RAW DATA —
-- -- --
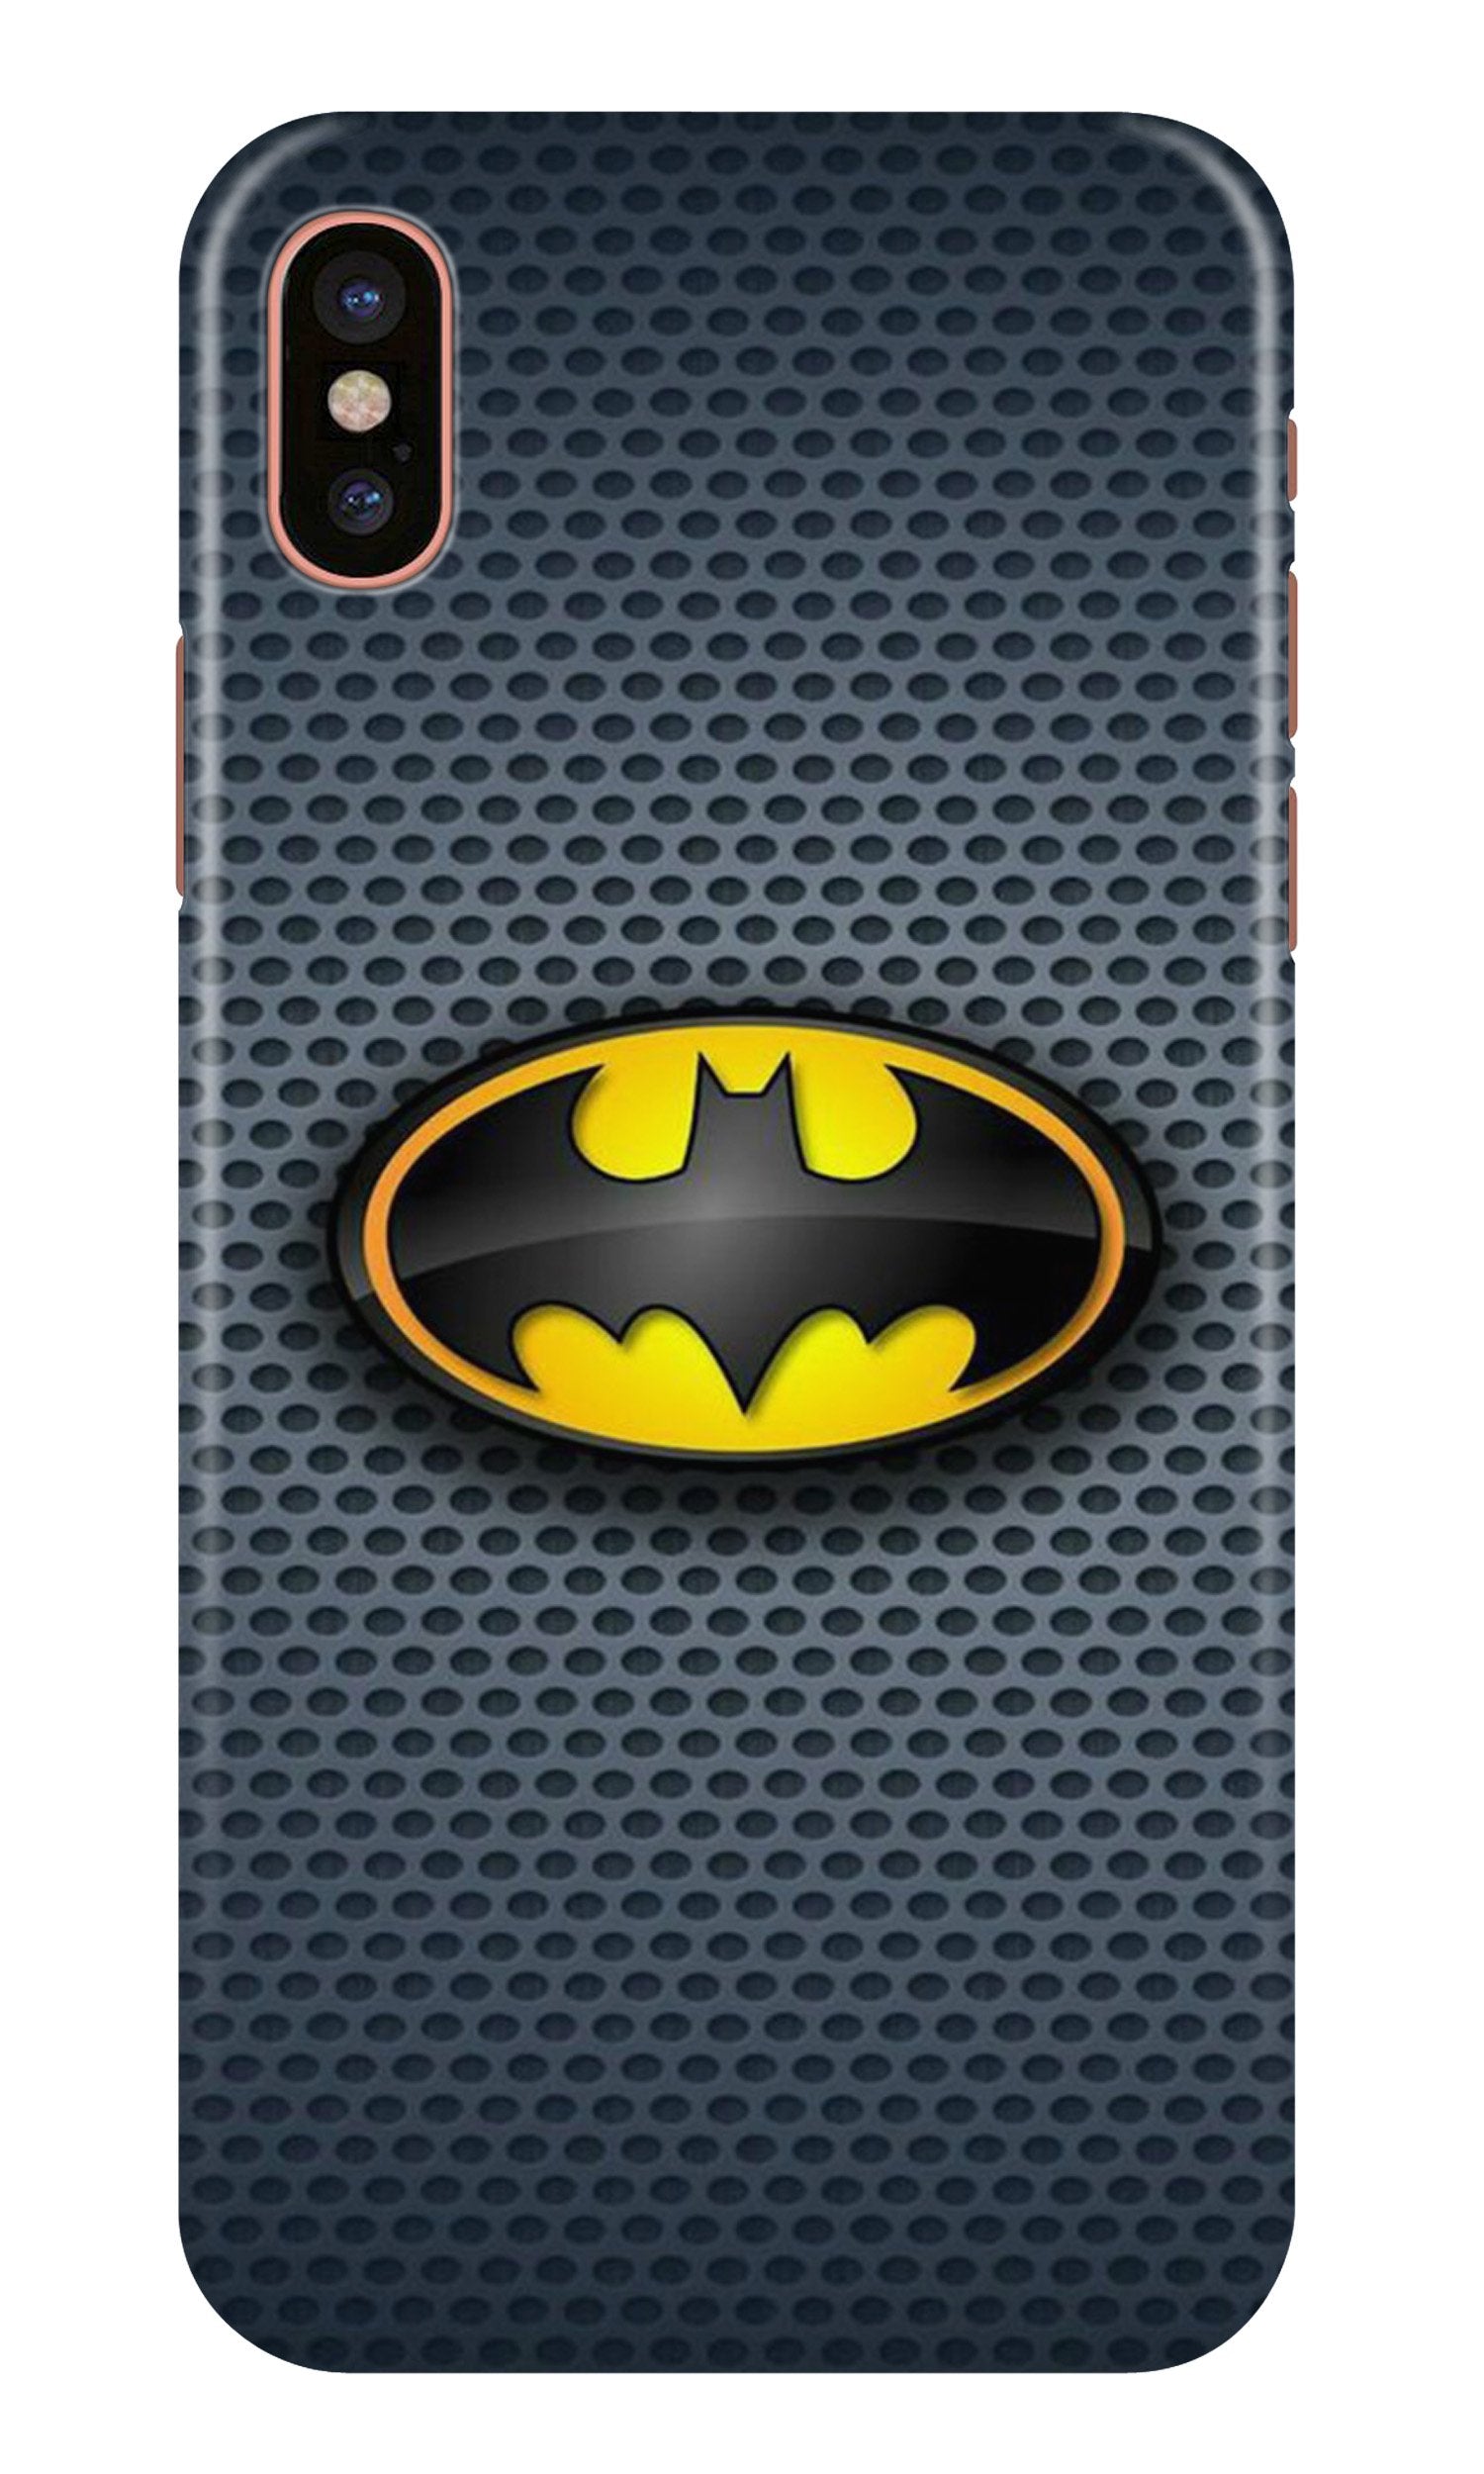 Batman Case for iPhone Xr (Design No. 244)
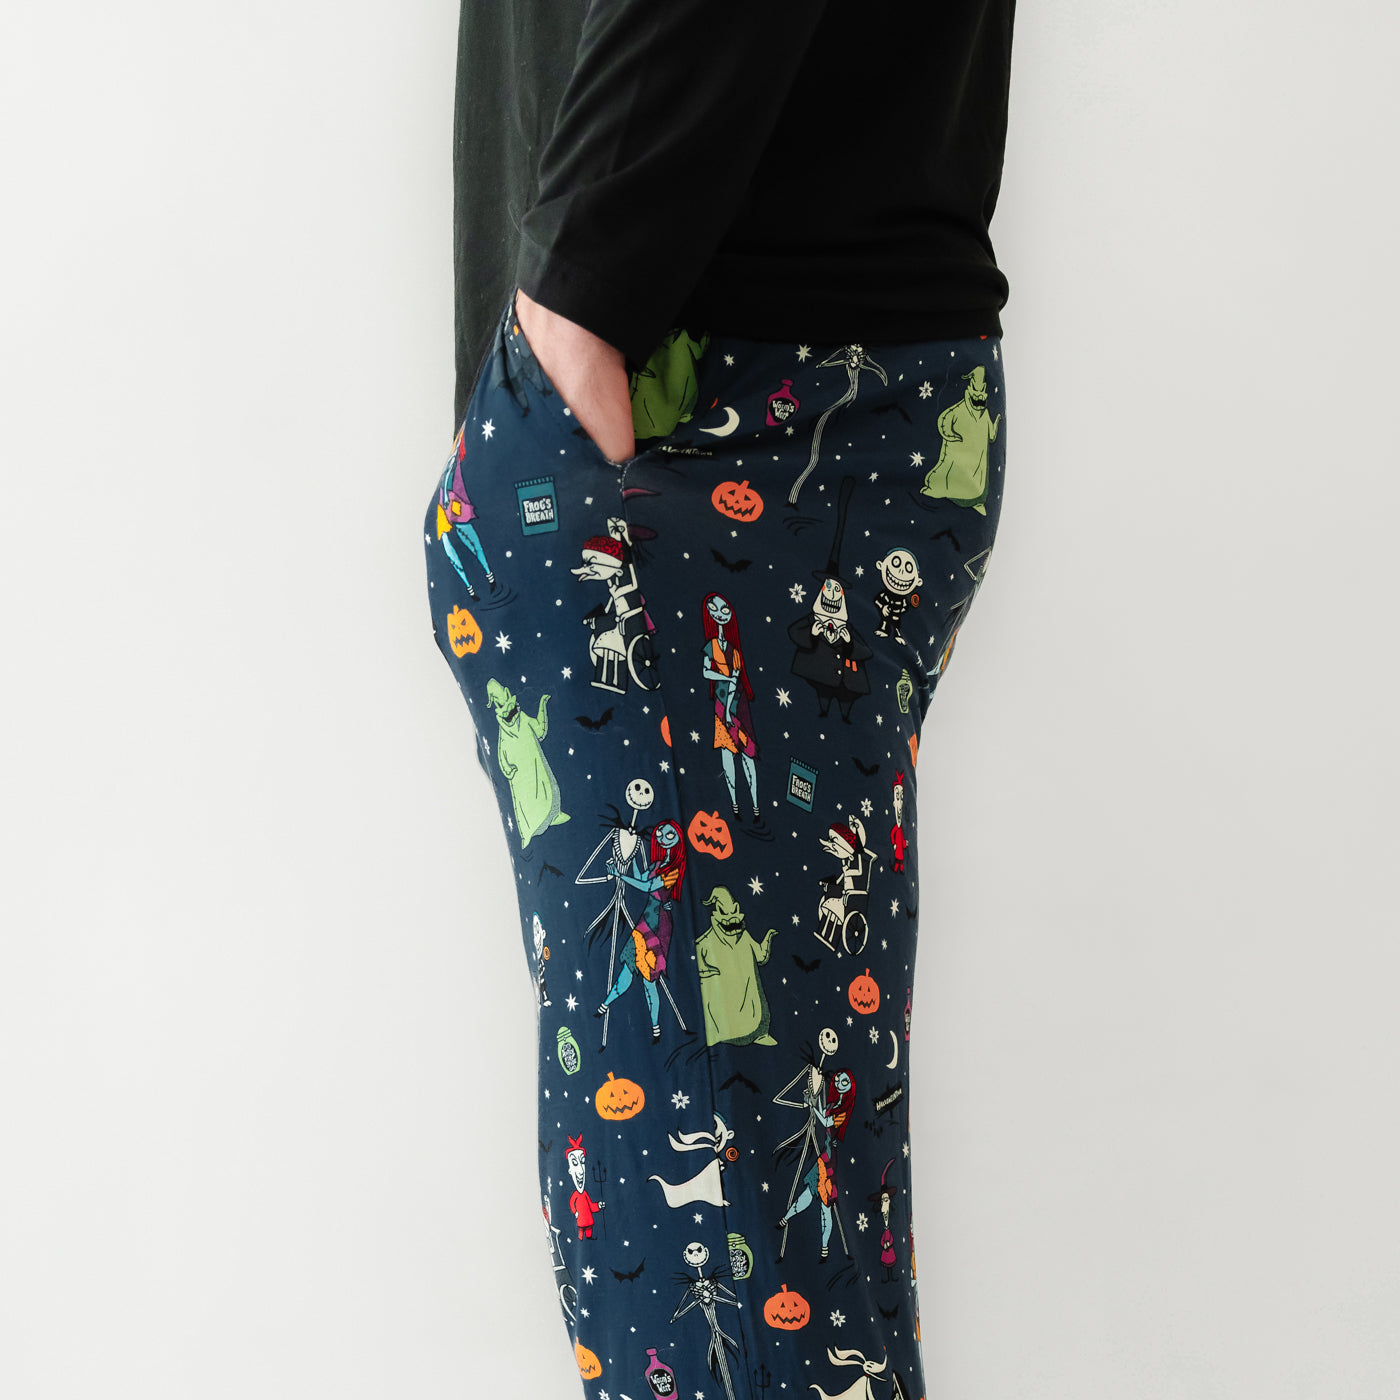 Side view image of a man wearing Jack Skellington and Friends printed men's pajama pants
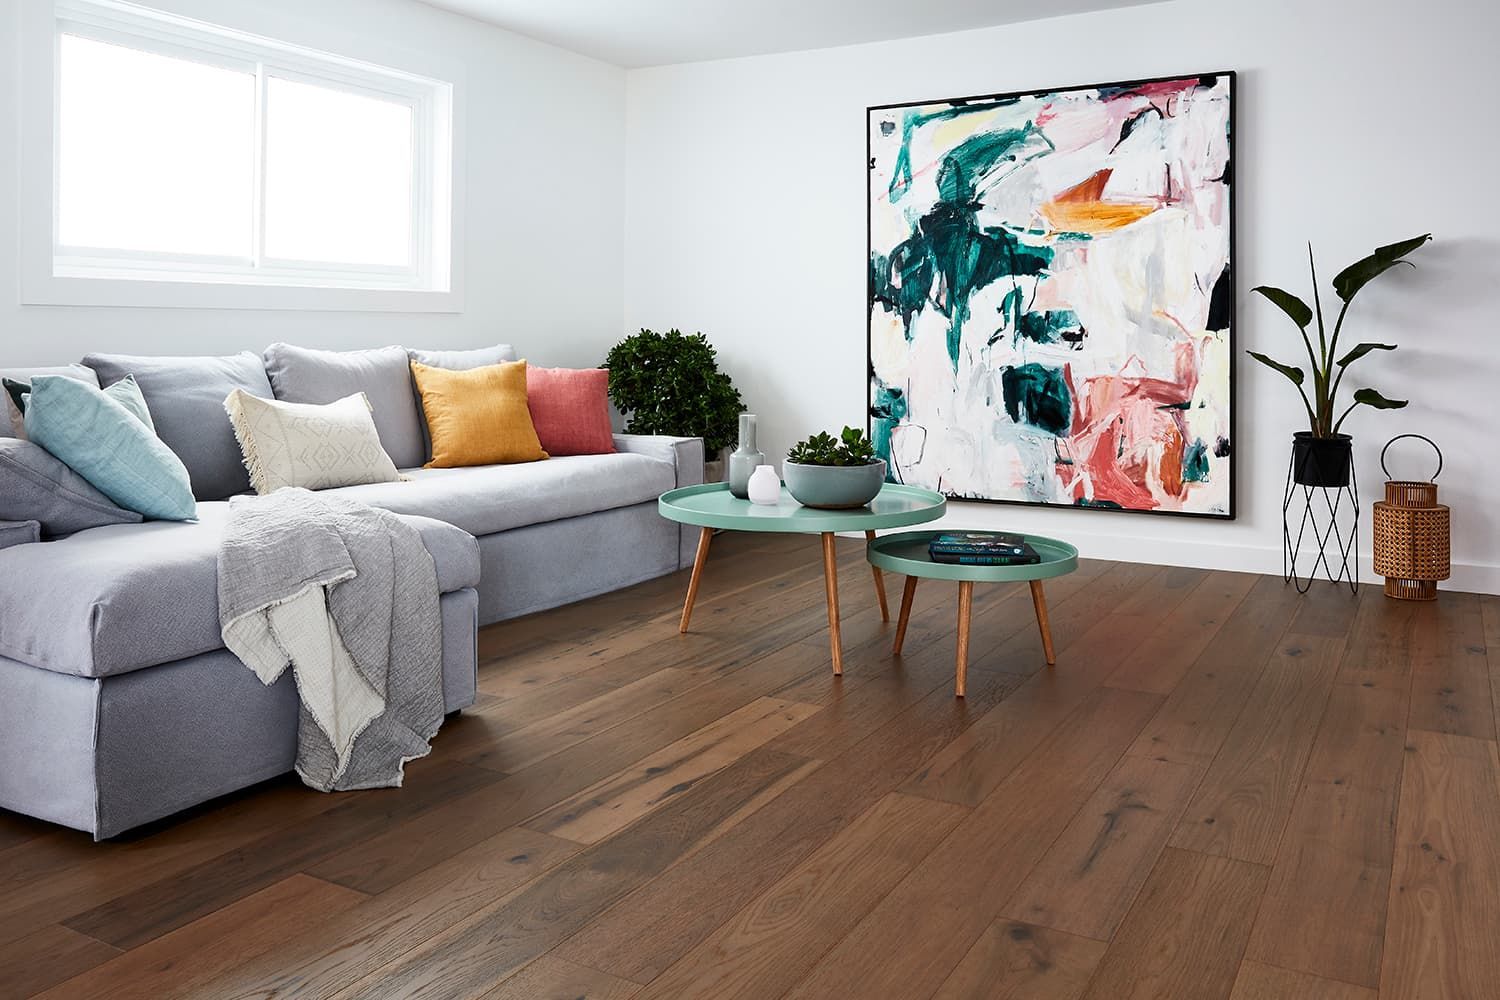 Timber Floor in Living Room — Flooring Supply & Installation In Port Macquarie, NSW
-- -- --
EXERCISE PROMPT — The full text of the data above, exact and without pictures, is what to return.

EXERCISE SOLUTION —
 Batman Case for iPhone Xr (Design No. 244)
 Side view image of a man wearing Jack Skellington and Friends printed men's pajama pants
 Timber Floor in Living Room — Flooring Supply & Installation In Port Macquarie, NSW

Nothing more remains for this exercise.